4.     When adjusting the denominator of the ROIC calculation to also exclude average goodwill, ROIC was 10.6% for the 12 months ended March 31, 2014, an increase of 0.9 percentage points from the same period last year.
 

National Pump5Acquisition

In March 2014, the company announced that it planned to acquire certain assets of National Pump, the second largest specialty pump rental company in North America. The acquisition closed on April 1, 2014. The total OEC of the acquired fleet was approximately $215 million, and National Pump had historical annual revenue of approximately $210 million. The purchase price was approximately $780 million, comprised of $765 million in cash and $15 million in stock. The transaction also provides for up to $125 million in additional cash consideration to be paid based on the future achievement of certain adjusted EBITDA targets.

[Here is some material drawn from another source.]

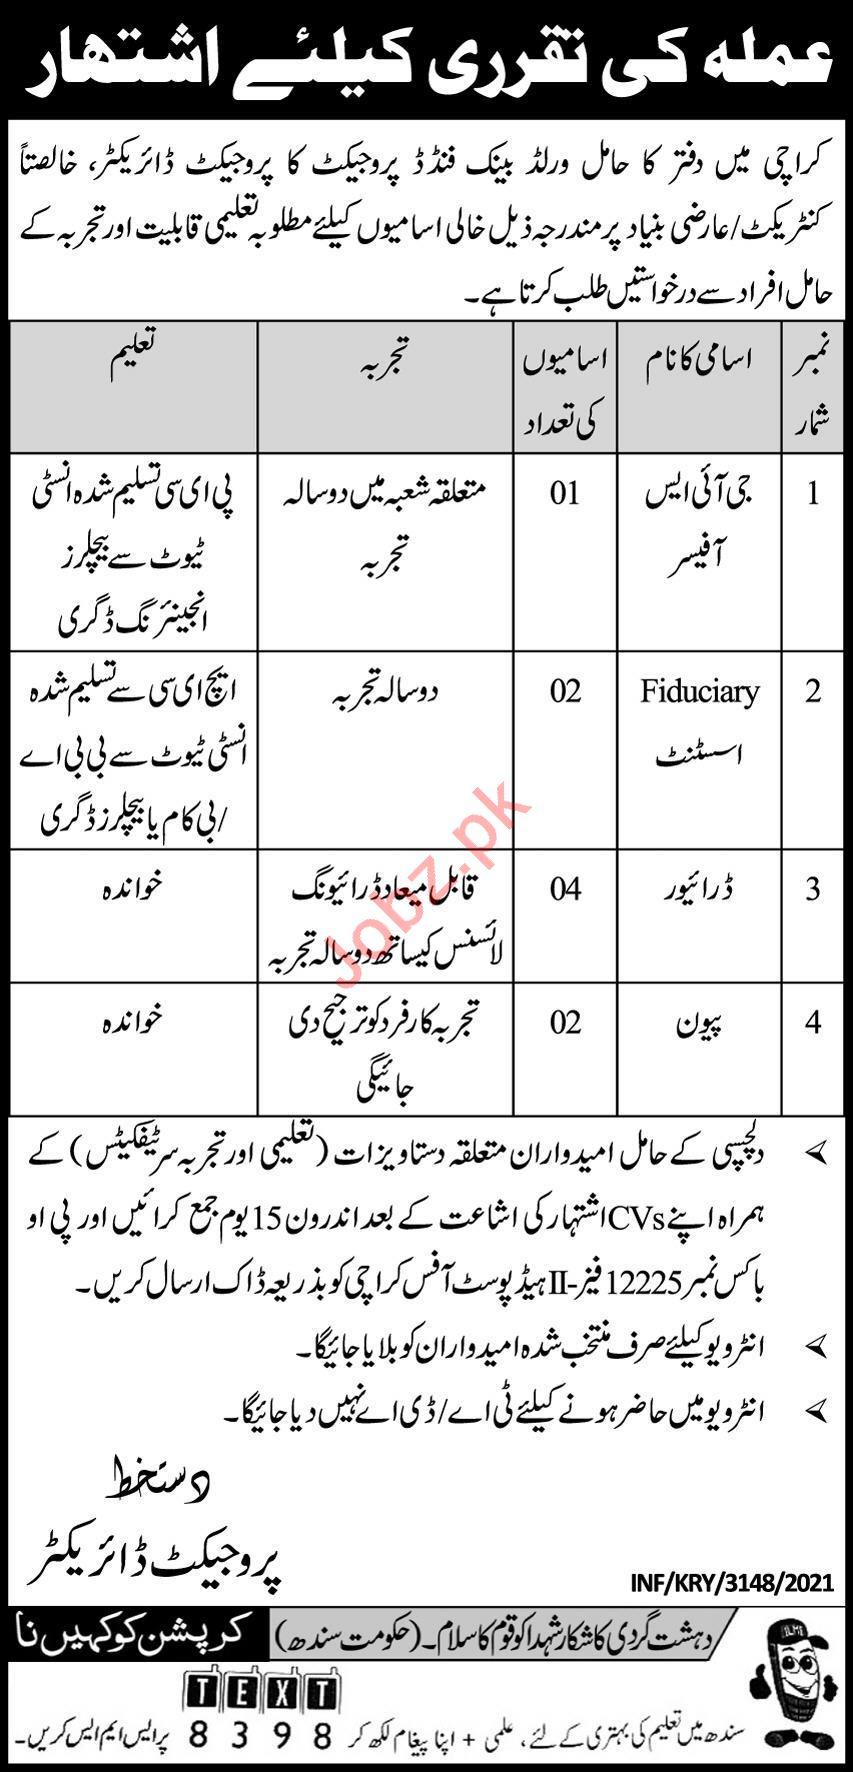 P O Box No 12225 Phase 2 Head Post Office Karachi Jobs 2021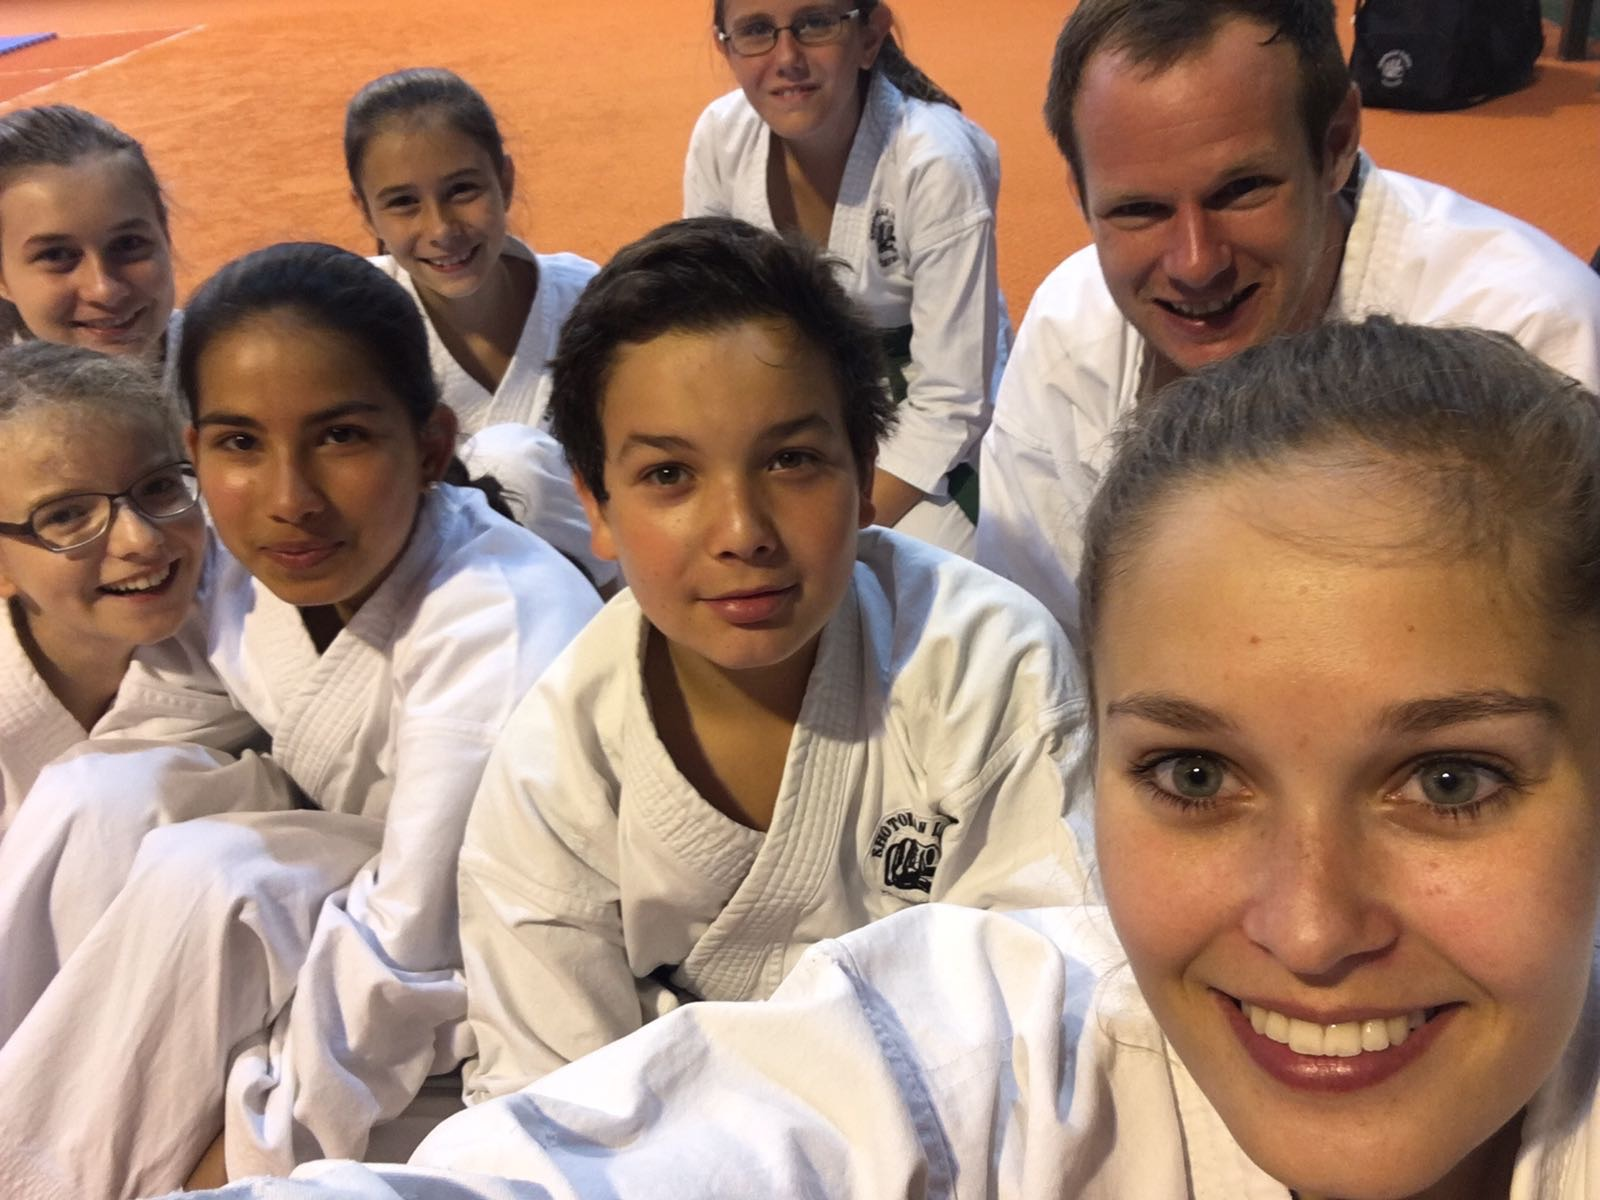 Shotokan Karate Club Feldkirch Kindertraining Schnappschuss

Contemporaneous with the National Pump acquisition, in March 2014, the company issued $525 million principal amount of 6 1/8 percent Senior Notes and $850 million principal amount of 5 3/4 percent Senior Notes. The net proceeds from the debt issuances and cash on hand were used in April 2014 to redeem all of the company's outstanding 9 1/4 percent Senior Notes and to finance in part the cash purchase price of National Pump.

Conference Call

United Rentals will hold a conference call tomorrow, Thursday, April 17, 2014, at 11:00 a.m. Eastern Time. The conference call number is 866-238-1422. The conference call will also be available live by audio webcast at unitedrentals.com, where it will be archived until the next earnings call. The replay number for the call is 703-925-2533, passcode is 1636064.

Non-GAAP Measures

Free cash flow, earnings before interest, taxes, depreciation and amortization (EBITDA), adjusted EBITDA, and adjusted earnings per share (adjusted EPS) are non-GAAP financial measures as defined under the rules of the SEC. Free cash flow represents net cash provided by operating activities, less purchases of rental and non-rental equipment plus proceeds from sales of rental and non-rental equipment. EBITDA represents the sum of net income, provision for income taxes, interest expense, net, interest expense-subordinated convertible debentures, depreciation of rental equipment and non-rental depreciation and amortization. Adjusted EBITDA represents EBITDA plus the sum of the merger related costs, restructuring charge, stock compensation expense, net and the impact of the fair value mark-up of acquired RSC fleet. Adjusted EPS represents EPS plus the sum of the merger related costs, restructuring charge, asset impairment charge, the impact on interest expense related to the fair value adjustment of acquired RSC indebtedness, the impact on depreciation related to acquired RSC fleet and property and equipment, the impact of the fair value mark-up of acquired RSC fleet, RSC merger related intangible asset amortization and the loss on repurchase/redemption of debt securities and retirement of subordinated convertible debentures. The company believes that: (i) free cash flow provides useful additional information concerning cash flow available to meet future debt service obligations and working capital requirements; (ii) EBITDA and adjusted EBITDA provide useful information about operating performance and period-over-period growth; and (iii) adjusted EPS provides useful information concerning future profitability. However, none of these measures should be considered as alternatives to net income, cash flows from operating activities or earnings per share under GAAP as indicators of operating performance or liquidity. Information reconciling forward-looking free cash flow and adjusted EBITDA to GAAP financial measures is unavailable to the company without unreasonable effort.

_______________

5.     We acquired certain assets of the following four entities: National Pump & Compressor, Ltd., Canadian Pump and Compressor Ltd., GulfCo Industrial Equipment, LP and LD Services, LLC (collectively “National Pump”).
 

About United Rentals

United Rentals, Inc. is the largest equipment rental company in the world. Following the acquisition of National Pump, the company has an integrated network of 876 rental locations in 49 states and 10 Canadian provinces. The company’s approximately 12,200 employees serve construction and industrial customers, utilities, municipalities, homeowners and others. The company offers for rent approximately 3,100 classes of equipment for rent with a total original cost of $7.99 billion. United Rentals is a member of the Standard & Poor’s MidCap 400 Index, the Barron’s 400 Index and the Russell 2000 Index® and is headquartered in Stamford, Conn. Additional information about United Rentals is available at unitedrentals.com.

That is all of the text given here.